Invoicing in other currencies
The simplest way to slow down the rate of accumulation of the U.S.$ in Chinese reserves is to insist that companies invoice customers in their own currencies only. So when Argentina or South Africa wants to buy goods from China they will be allowed to pay in Pesos or Rands. Ask for a price from a Chinese company at the moment and you can be sure that you will be quoted in the U.S. $. If they were to ask what country you came from then accepted your currency [as well as the U.S.$], then they would receive the currencies of all those that trade with them. Then at some time in the future they can pay for imports in those currencies. Meantime, the countries from whom they import will still accept the U.S.$ in payment for imports. Diversification is then achieved and without entering those markets which will rattle the exchange rates.
But the U.S.$' left unused after that in the international monetary system will then wash this way and thus lowering the $' value as they become excess to requirements. As in the case of Britain, the drain of capital investment will be like a tsunami hitting the state international trade. The only way they could retain their value would be for the U.S. authorities to mop these up, bringing this liquidity back to Treasury instruments and the rest. But the sheer volume of these excess $' will prove far too great for such an exercise and will send inflation racing and interest rates trying to keep up.
Threats to global trade stability
As this happens, other holders of the U.S. $ will be forced to follow the Chinese to attempt to retain the value of their reserves through diversification too. The $ will be dropping like a stone at this point. It is then the U.S. will have to decide whether or not too impose Capital Controls.
At this point oil producers will be forced to follow the same route of accepting other currencies for their oil or simply raising prices to compensate for a falling $. This will exacerbate U.S. inflation enormously.
Those nations dependent on the U.S. for their trade will follow suit or lose their competitiveness as U.S. goods cheapen at the net rate of inflation minus the exchange rate fall against their currencies.
There will be rising confusion in international trade as exchange rate moves destroy stability in prices. The wounds such an event will produce in the international monetary system will be catastrophic and precipitate precious metal prices we currently may think impossible.
And the Trade deficit will continue until growth and import demand are slowed considerably, or measures are taken by the government to slow them down.
As to financing the Trade deficit, it would be most surprising if there were any [except the closest of unwise friends] nations willing to finance the deficit anymore.
Is this diversification from the $ a near term likelihood? Yes, it is for China which will diversify its $1 trillion foreign exchange reserves, the largest in the world, across different currencies and investment instruments, including in emerging markets, Chinese central bank Governor Zhou Xiaochuan said last week.

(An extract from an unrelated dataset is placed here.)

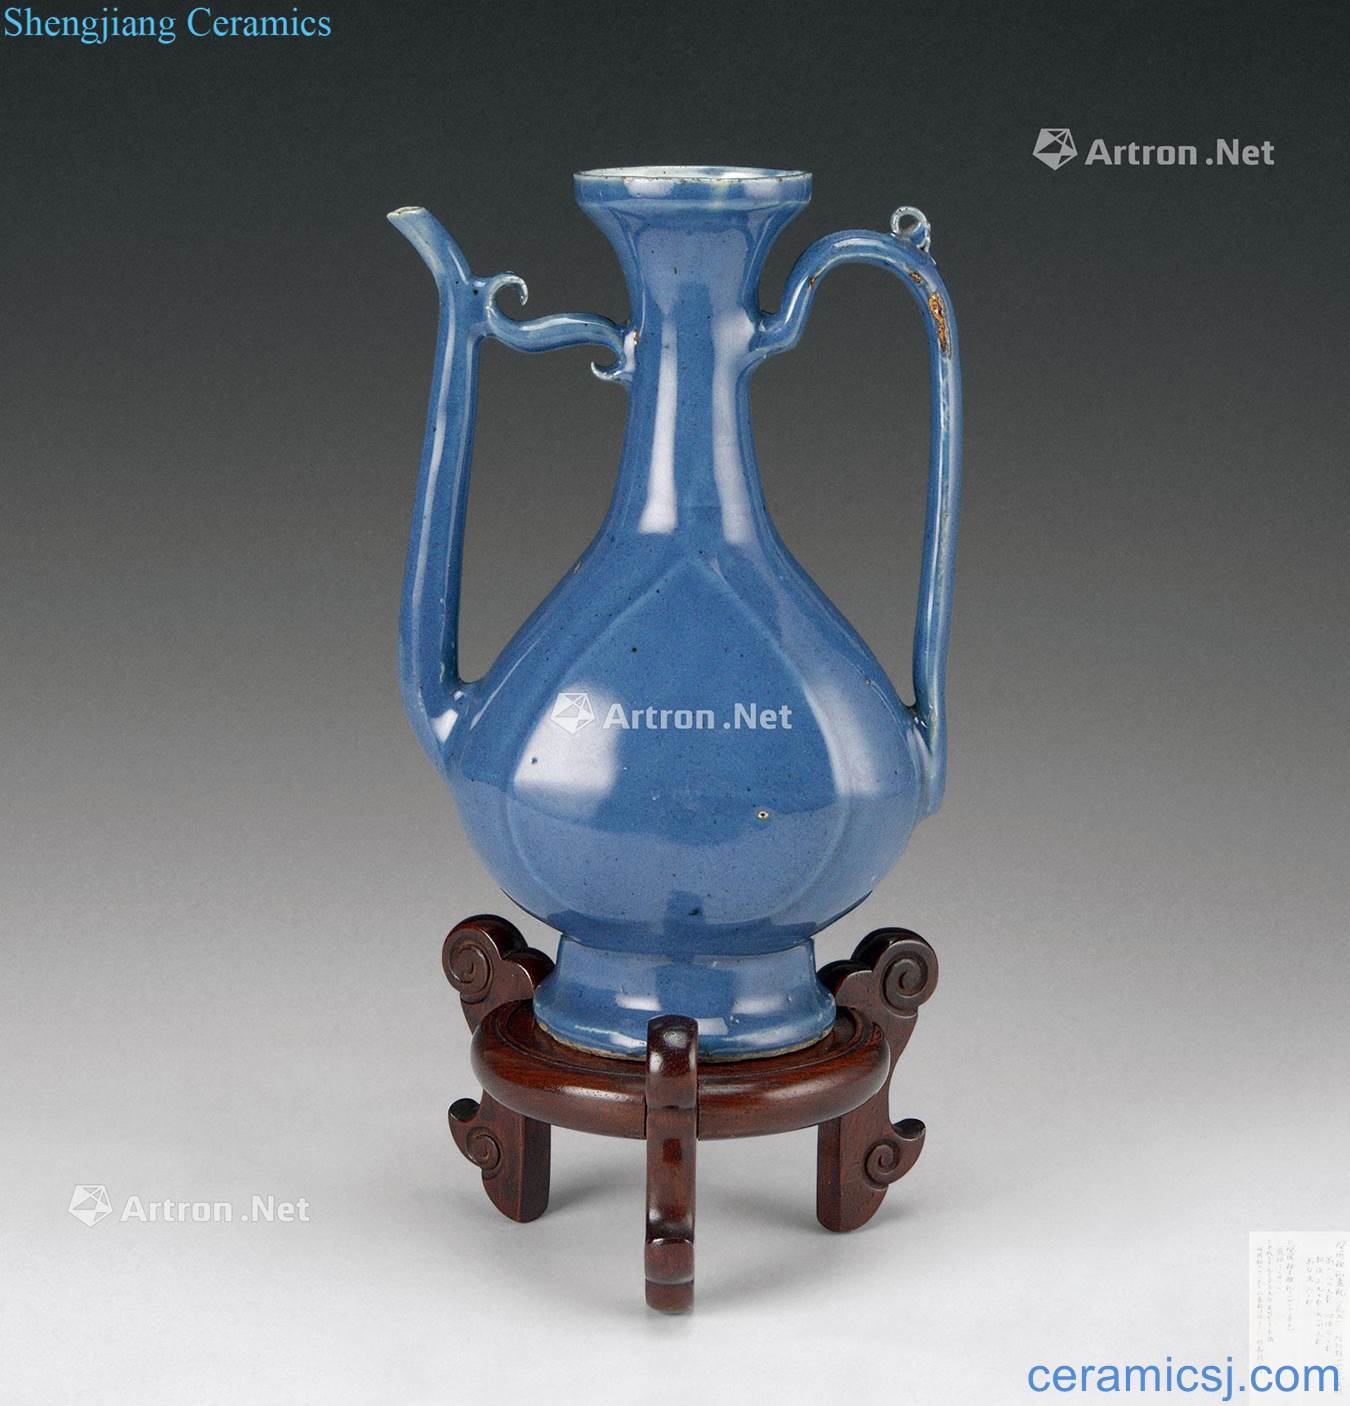 In the Ming dynasty, qing dynasty (1368-1911) blue glaze ewer
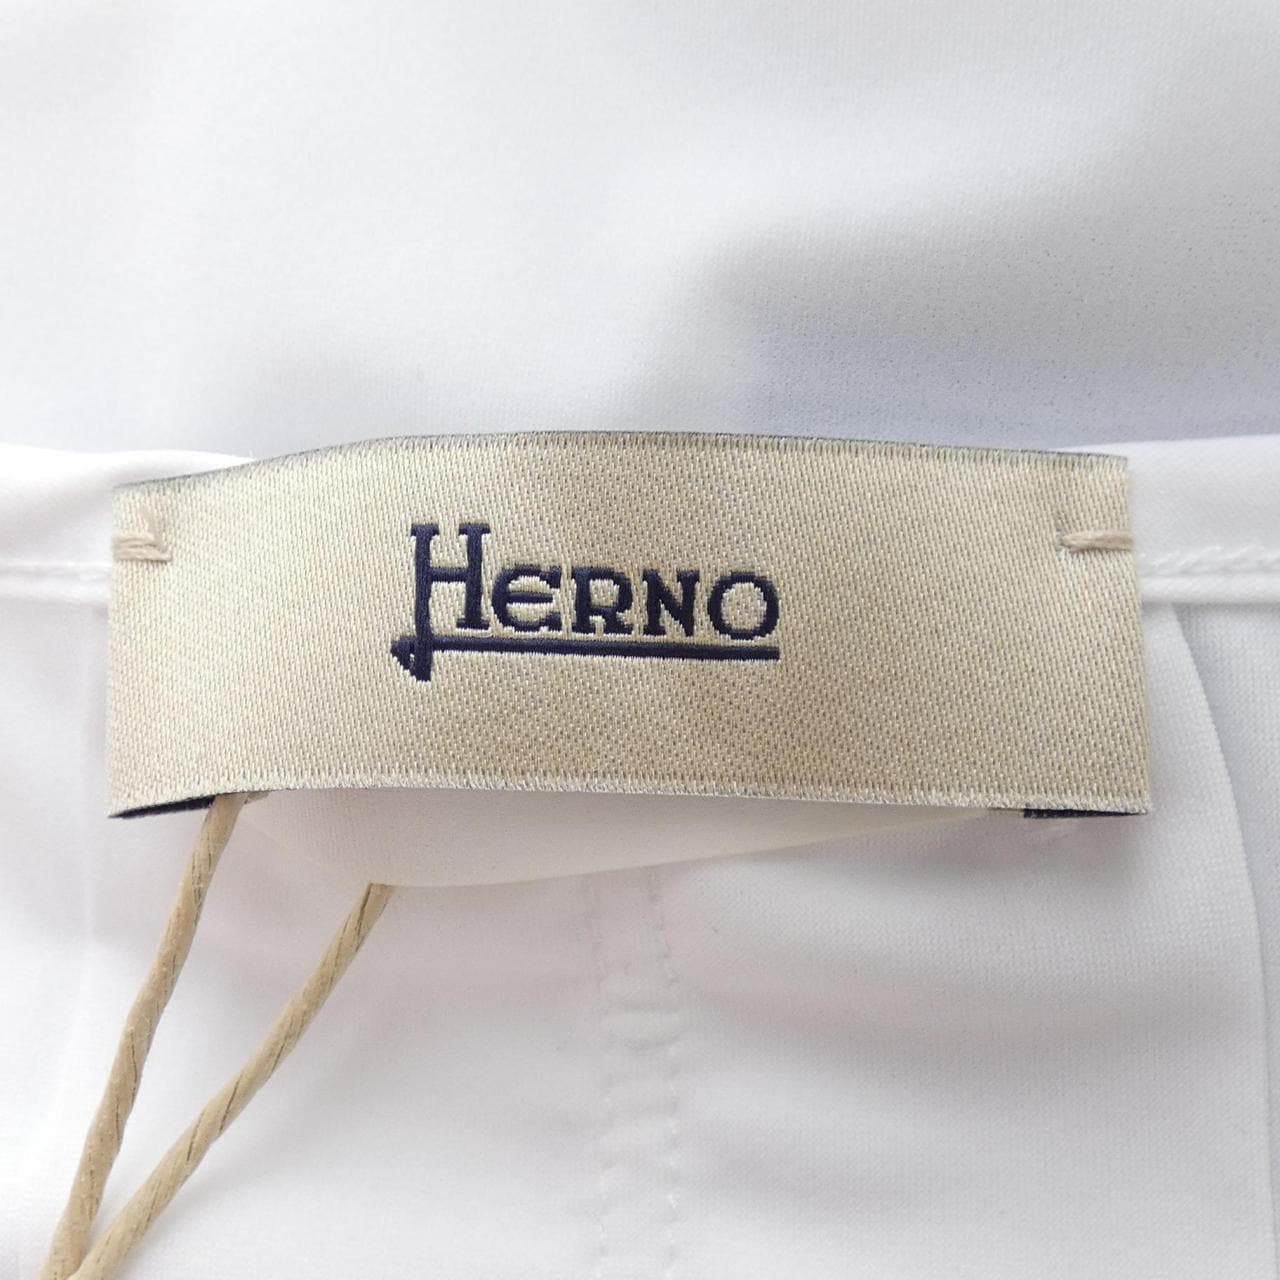 ヘルノ Herno トップス

Chinese reserves are about 70% in U.S. debt securities. "(Diversification) includes currencies, investment instruments, including emerging markets," said Zhou. He then confirmed that "We do not have any new preparations for selling any currencies." China has to diversify as its future as the leading global manufacturer is pointing the way to the Yuan fully convertible at some point in the future in future. Zhou said that a mushrooming trade surplus meant China needed stronger policy adjustment both on the Yuan and through boosting internal demand. But he said any changes to the Yuan would be gradual to avoid unbalancing the domestic economy.
China has allowed the Yuan to appreciate 2.1% since last July only. "The reason why we adopt a gradual approach for exchange rate reform is because China has a very large amount of labor working in the trade-related sector," Zhou said, "So we have to consider this. We should avoid too much or too sudden closing-down or bankruptcies of enterprises and laying-off of workers. We are trying to manage to adjust the balance of payments and meanwhile to keep domestic economy in the good (state)."
China is growing at its fastest pace since 1995, but Zhou expressed satisfaction that the pace of growth was easing from the first quarter's 11.3%. "It has already slowed down to some extent so we have reached the expected result of macro-economic adjustment," he said.